Can you bottle cidar early and not add priming sugar.. say at 1.010 or less to get a sweater cidar.. and will it still carb up enough... i have PET bottles


----------



## Bribie G (14/7/17)

If you bottle early the cider will not be sweeter, it will just keep on fermenting to dryness and produce CO2, which will carb up but could end up producing bottle bombs. 
With bottled cider the best way of serving a sweeter drink is just to add a dash of Bickfords cloudy apple or something into the glass. I'd guess that commercials make sweeter cider by pasteurising before they are attenuated, then artificially carb in bottle as with beer.


----------



## bonk1972 (14/7/17)

Ok that makes sence... thanks i will leave it until it's finished. .


----------



## warra48 (14/7/17)

Never heard of cidar, so I changed the topic title to Bottling Cider.


----------



## bonk1972 (14/7/17)

Ok thanks. . I guess


----------



## Airgead (15/7/17)

Yep. Bottling before it's done = boom and cider (and possibly glass) everywhere.


----------



## philistine (23/2/18)

Reviving an Old thread, but ive only just discovered it.
You can bottle anything before it hits FG but of course you run the risk of bottle bombs.

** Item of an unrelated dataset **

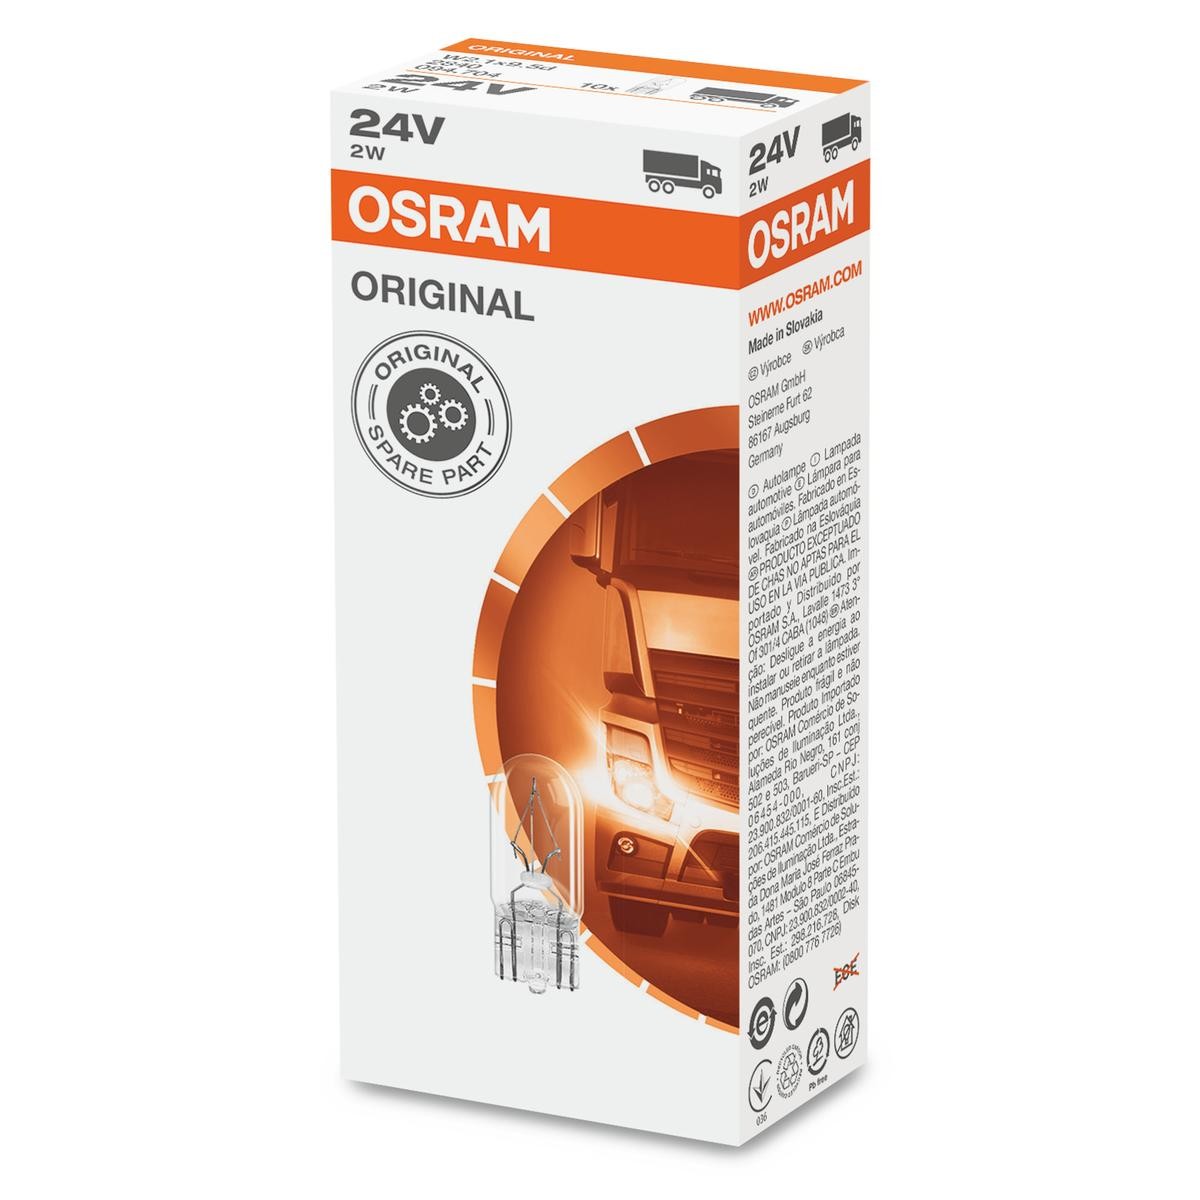 OSRAM ORIGINAL LINE 2840 Bulb, interior light Socket Bulb, 24V, 2W

There’s probably a rule of thumb when it comes to how many points you can expect to drop in a bottle and not get dangerous but i dont know what it is.... i would expect no more than 10 points....
Given that cider will usually ferment out to zero if left to its own devices, id say you would have been pushing it.
Having said that, ive done it and it worked.
I dunno what the gravity was, but i didnt want to take any chances and i wanted a sweet fizzy cider.
When the ferment was at the level i wanted, i capped it (it was a small batch in a swing top 5l demojohn)
And waited 12 hours, then put it in the fridge.
2 days later i had carbed, sweet cider and it was ******* amazing.
Im not suggesting you do it this way- but there it is.

There are other ways to safely make fizzy sweet cider at a homebrew level and one which ive yet to try is called keeving. (Google it)
Basically you starve the yeast of nutes so that it finishes at a higher gravity that will remain stable.
Another (which i really dont like) option is to back sweeten with lactose or some other kind of non-fermentable at bottling along with your priming sugar.


----------